What needs to be done
Word for word, copy all the data and drop the pictures.

Dataset content
━━━━━━━━━━

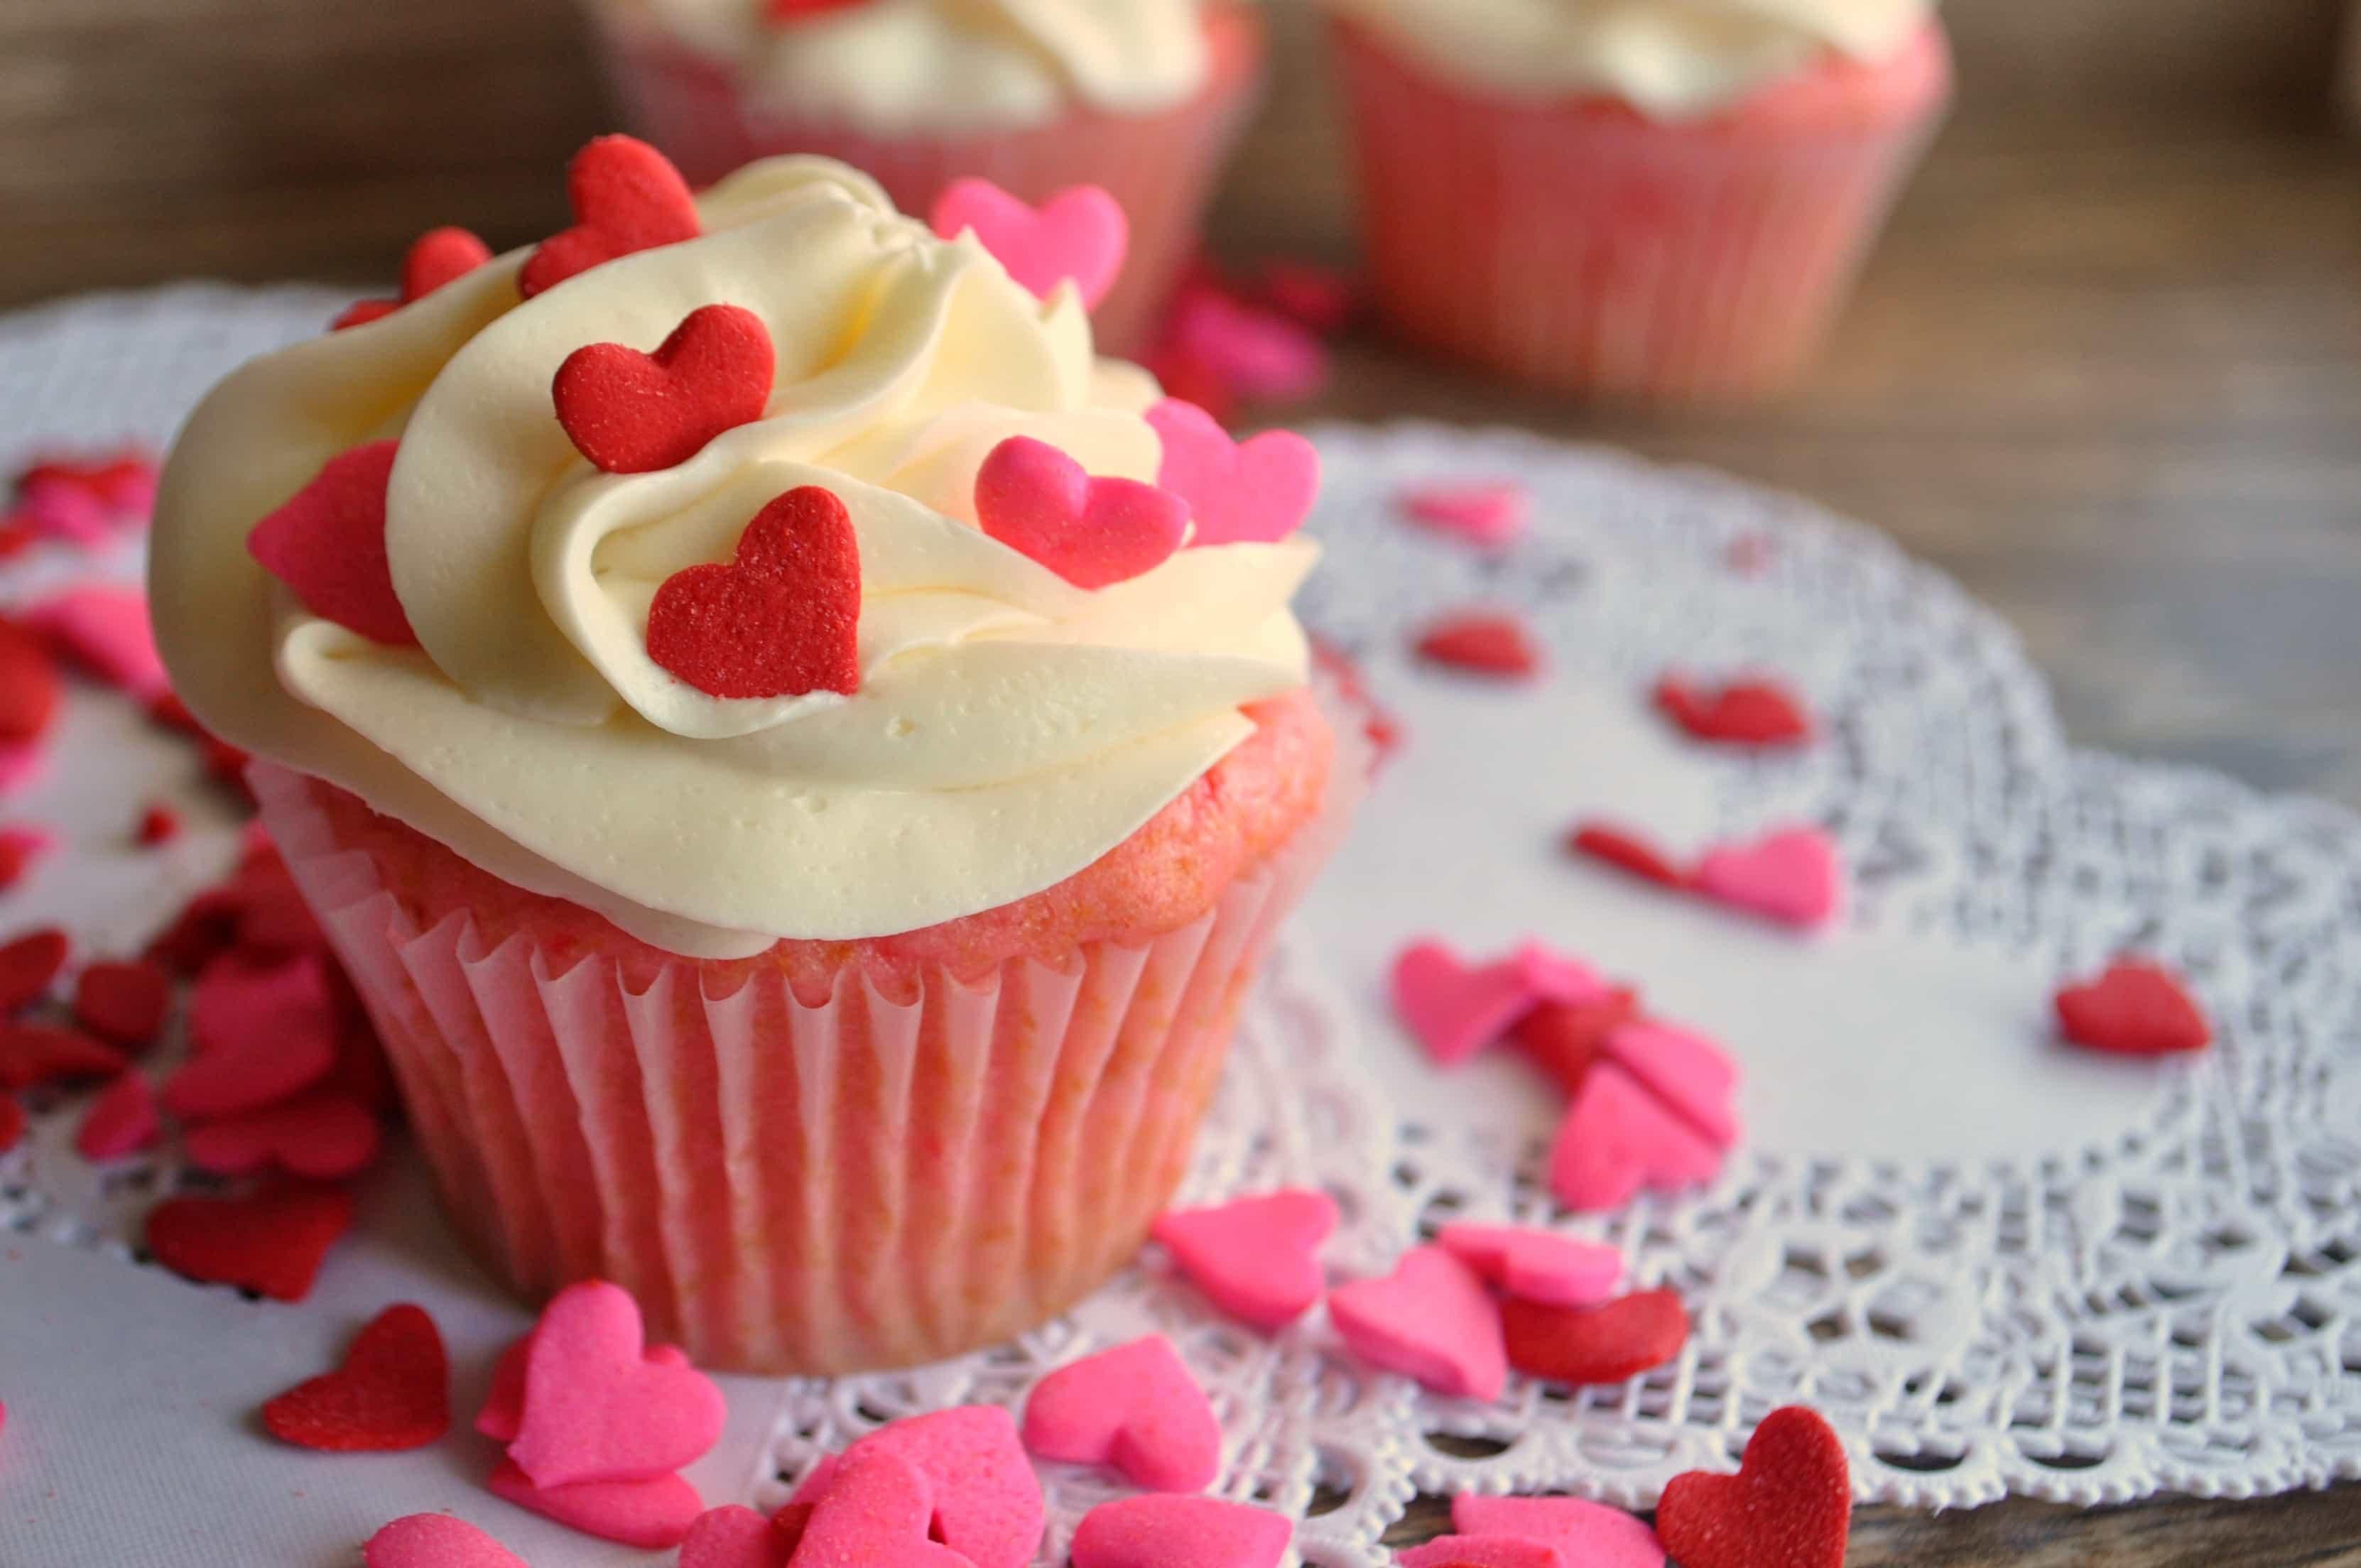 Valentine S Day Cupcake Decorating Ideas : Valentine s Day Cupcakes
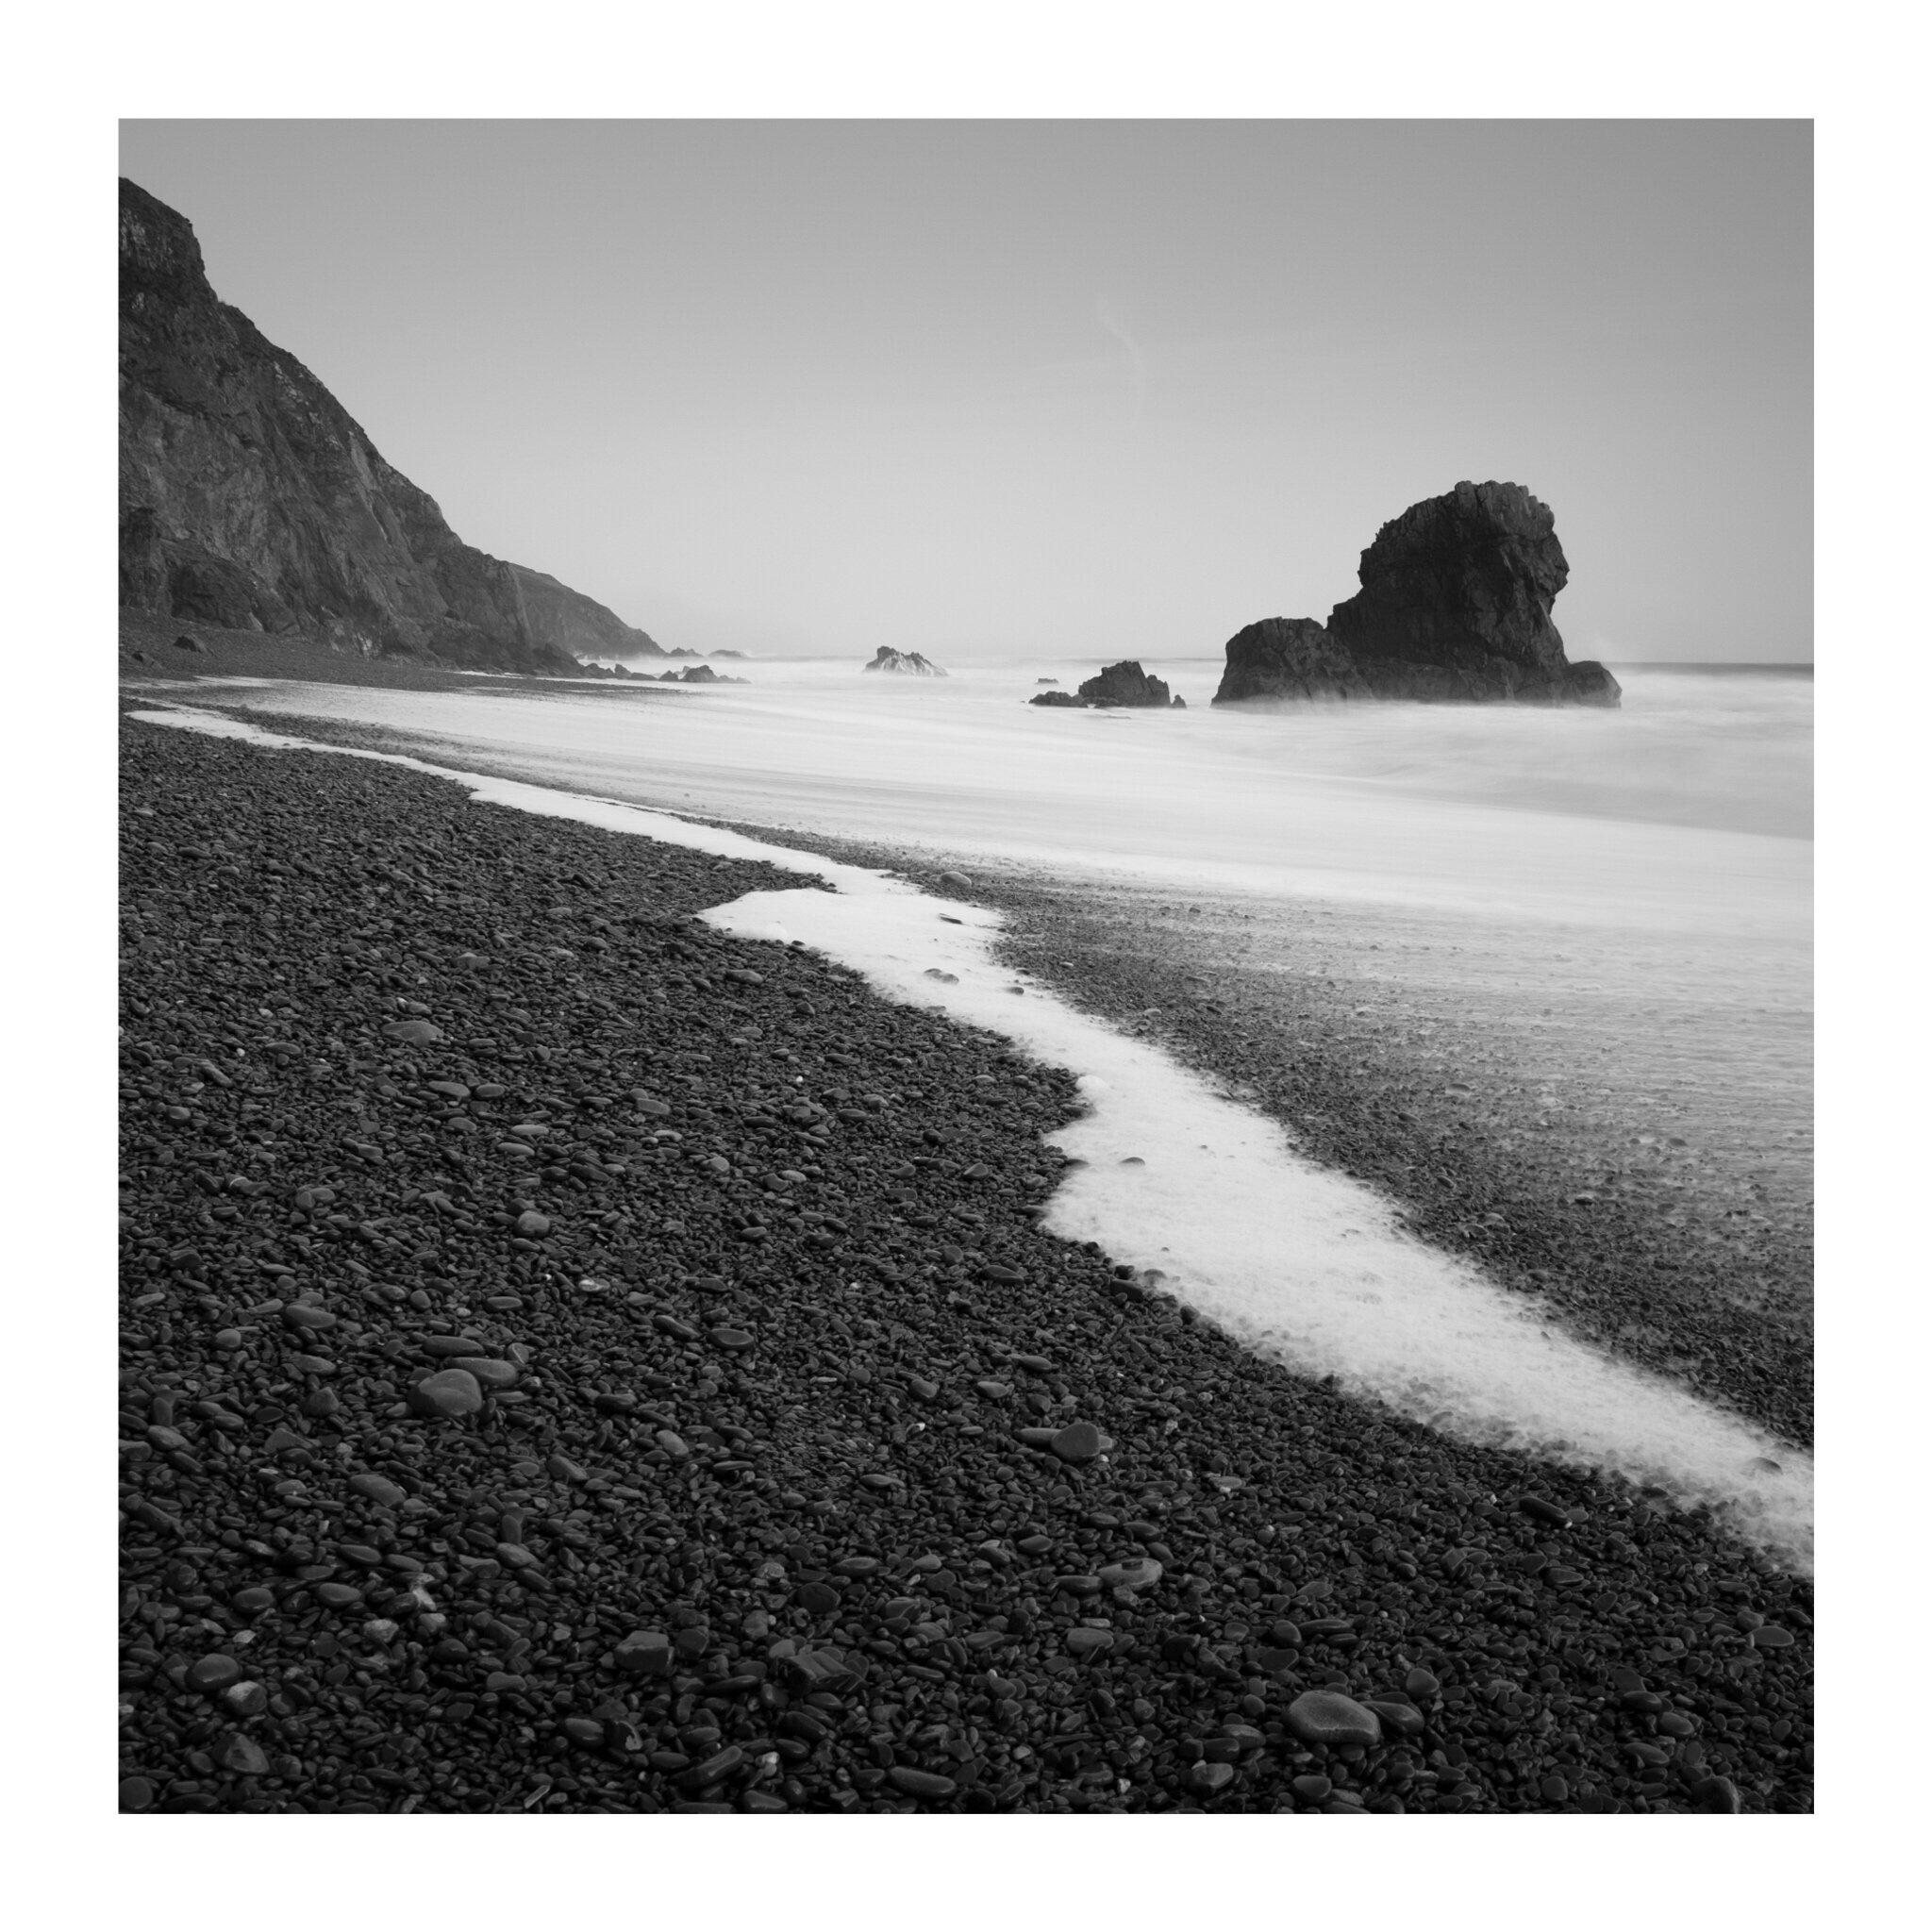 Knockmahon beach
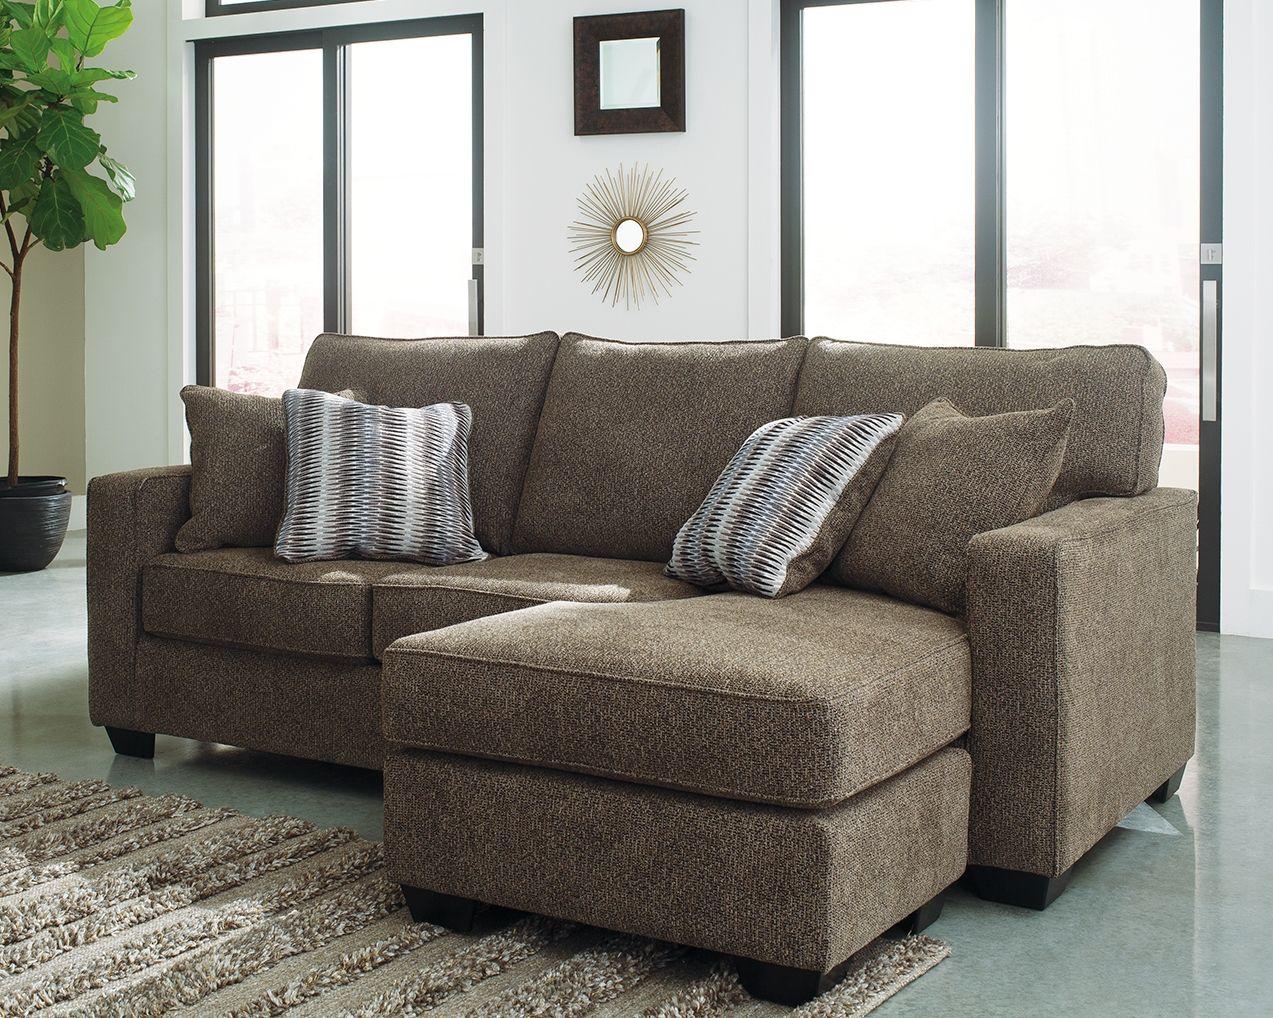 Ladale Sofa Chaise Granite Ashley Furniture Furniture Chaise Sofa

━━━━━━━━━━

Result
 Valentine S Day Cupcake Decorating Ideas : Valentine s Day Cupcakes
 Knockmahon beach
 Ladale Sofa Chaise Granite Ashley Furniture Furniture Chaise Sofa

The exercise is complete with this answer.